A close family relative lived in the front room of her parents’ small terraced house with her husband and two children for the first four years  of marriage. She could not get a house in Derry although a new Corporation housing estate was being built about  a mile from where she was sharing hopelessly cramped conditions.  My cousin was a Catholic and presumed  , in the order of things, to be potentially a Nationalist  voter. Under the existing  electoral system , neither she nor her husband had a vote in local government elections. My family knew of a local , young Protestant girl  who, when she became engaged to a British sailor, based in Derry,  was immediately awarded a tenancy in the new estate. This wasn’t merely sectarian corruption by a minor housing officer, it was Unionist Party policy to deny housing to Catholics in ‘sensitive’ areas of the City. Housing was in the gift of the Unionist Mayor and his was the over-riding decision on the specifics of allocation. My experience was not an isolated  one ; it was replicated across the City.

And not just in housing. Employment was closely monitored and it began at the highest  levels in the Unionist Party.  Justice Edward W. Jones was the MP for Londonderry and the Attorney General at Stormont. Historian, Professor Henry Patterson , researching papers released under the ‘thirty year ‘, rule found a letter from Jones to Brookeborough who was Prime Minister at the time. The US chemical corporation , DuPont, was seeking to establish a factory near Derry. Jones’ letter warned of the dangers inherent in the establishment of any secure source of employment in the north-west area ; it would undoubtedly attract workers to the area who were not loyal supporters of Unionism and would seriously interfere with a delicate , political balance. Efforts  and brazen enhancements were made to the Delaware company to build their new plant elsewhere and particularly in The NE area  in proximity to Belfast.  However, the Americans would not be dissuaded but accepted a compromise that they would appoint a Unionist nominated personnel officer called Mackay.   

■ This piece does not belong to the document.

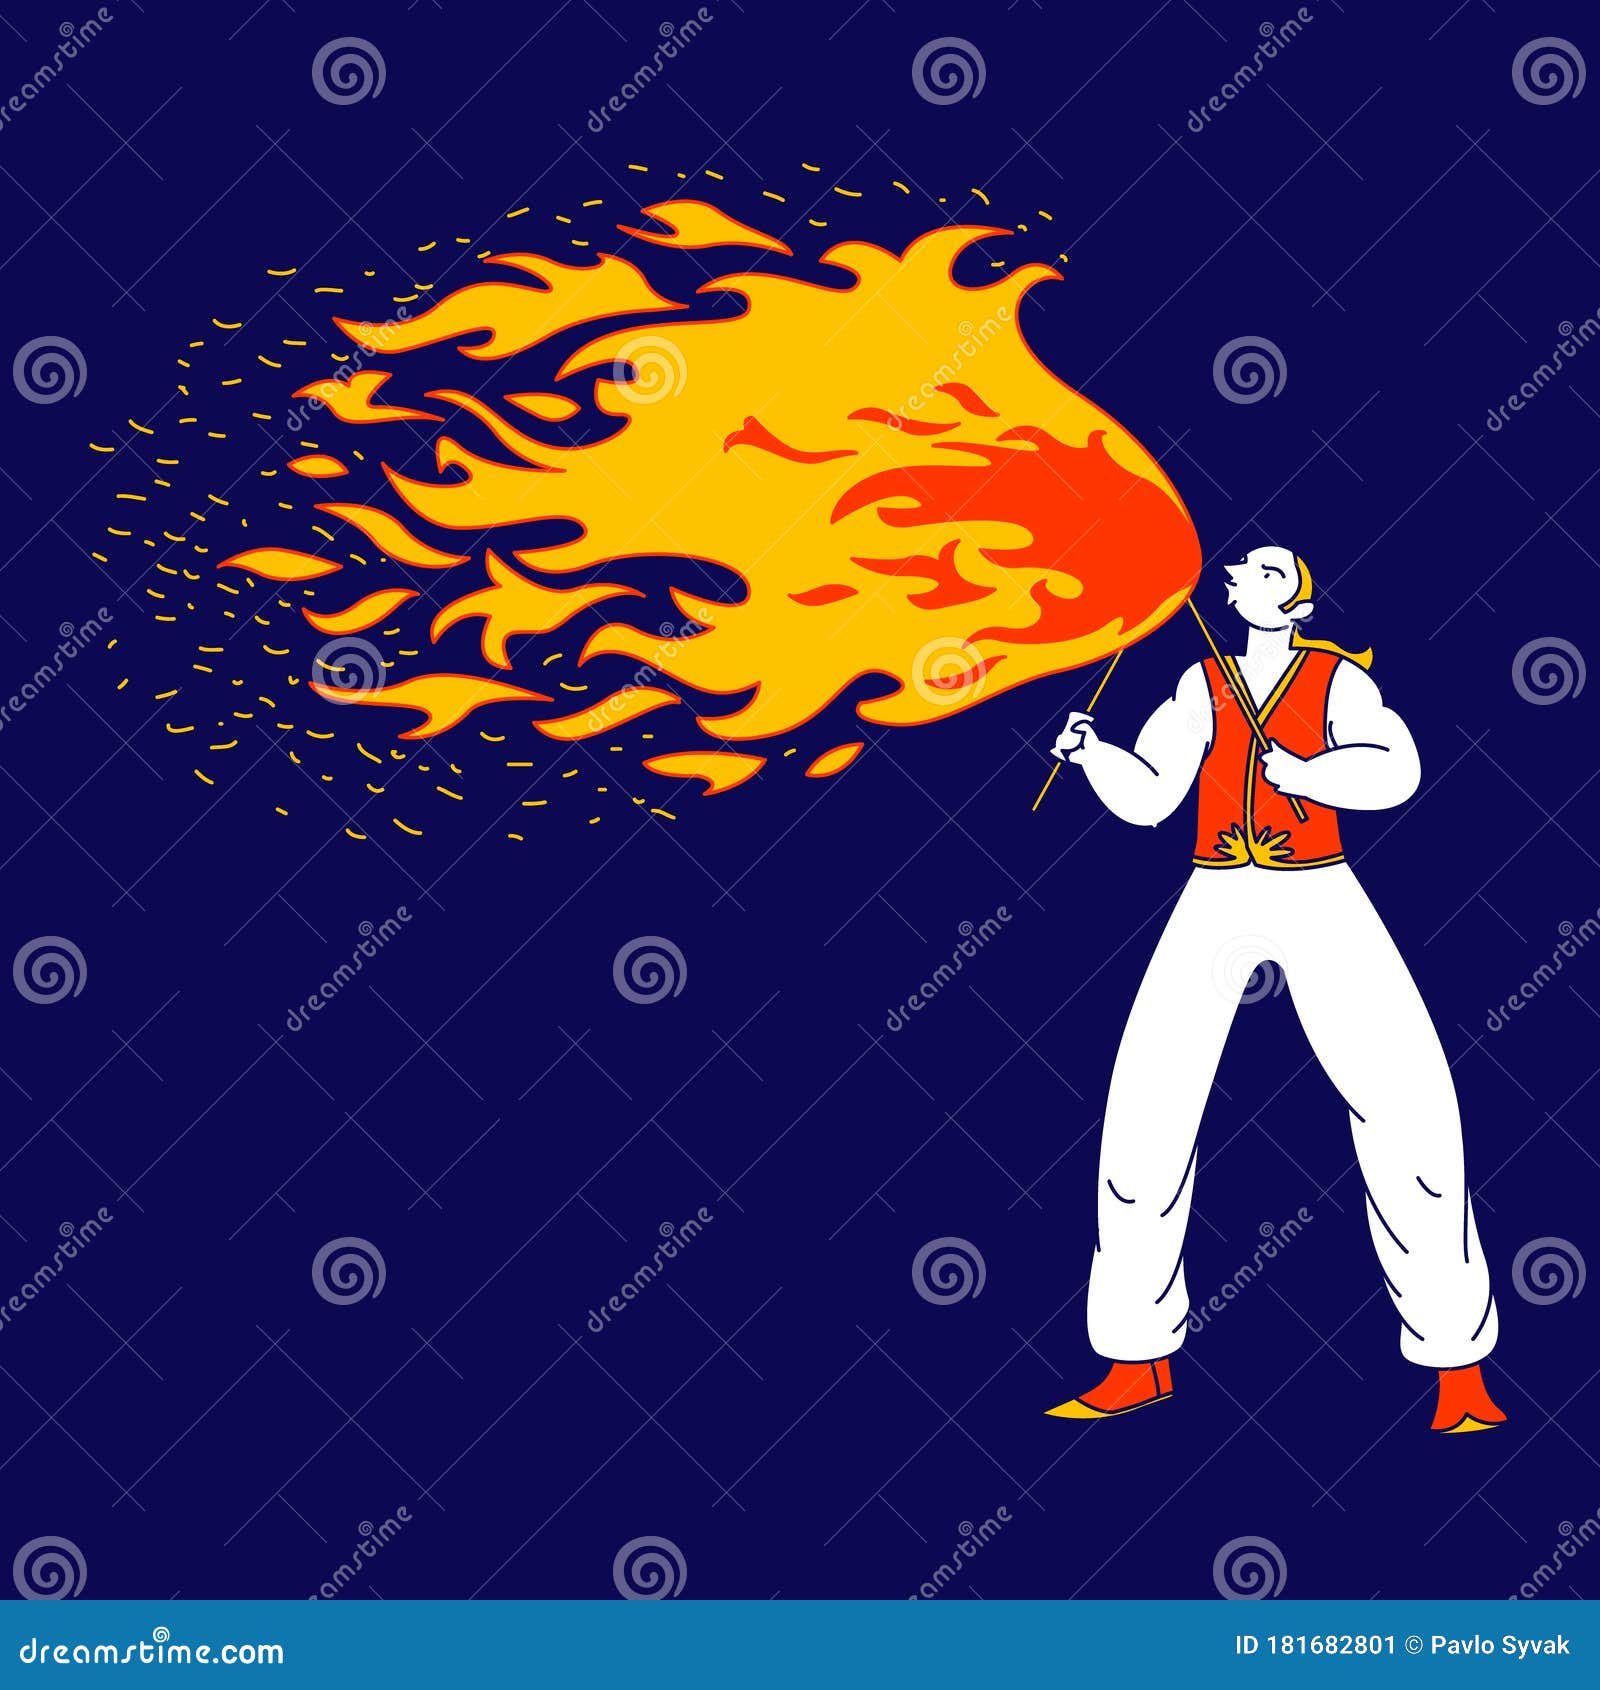 young man fakir character dancing and juggling with fire on stage performing talent show program

Most sizeable businesses in the town were under Unionist control and operated a flagrantly sectarian employment policy. Young Protestants were guaranteed preference in the jobs’ market.  Catholics saw continuing education as their route out of poverty  but invariably these highly qualified young people were forced to take their knowledge and skills overseas. Education, sadly , did not have the same concern for loyalist parents since their children were practically assured of employment in Belfast shipyards or similar heavy industry.  

The Lockwood  recommendation of Coleraine as the site of the North’s second university was perfectly in keeping with Unionist Policy and an affront  to Derry, the second city  where there already existed Magee University College, a constituent part of Trinity College , Dublin. It has been well established since that Anderson, The Mayor,  with several leading Unionists and the MP, Jones, had vigorously lobbied against Derry.  

The Nationalist population was discriminated against in  broad areas of life – voting rights, housing  and employment. I haven’t touched on culture, language, policing and the operation of what passed for a justice system with its abhorrent Special Powers’ Act..  The Nationalist population was meticulously  marginalised in daily life and prevented from functioning as citizens of the State.  Those  changes for the better  that have occurred in the last fifty years,  result neither from political change of direction by Unionism nor armed attacks but  are the product of leverage by embarrassed Westminster in response  to the demands of the Civil Rights Movement. Legislative change was  happening in all these areas before a shot was fired .

Now in 2021, we are being asked to celebrate 100 years of Partition in Ireland!  In just these few areas , it has been shown to have failed a large minority of its citizens; in truth, its bigoted approach was futile for all of its citizens, particularly the working class. Post-Brexit ,  it is now crying in the darkness and the unification of the island of Ireland is the only practical and pragmatic solution.  A malfunctional  Unionist cabal  is incapable of providing the leadership required  to bring about a justly shared Ireland for all shades of cultural and political inclination.

Asking people to celebrate one hundred years of partition is an absurd and grotesque aberration

  1. As is to be expected with Phototilly, what we have here is a rounded, concise piece. We must be most particularly drawn to the fact of the matter that the Unionists, sadly, placed no premium on education for their own, as employers required it not.

  2. Thanks, Maggie. Sheer cheek to invite celebration of a failed, sectarian statelet. Susan McKay has a fine book on the plight of young working class Protestants.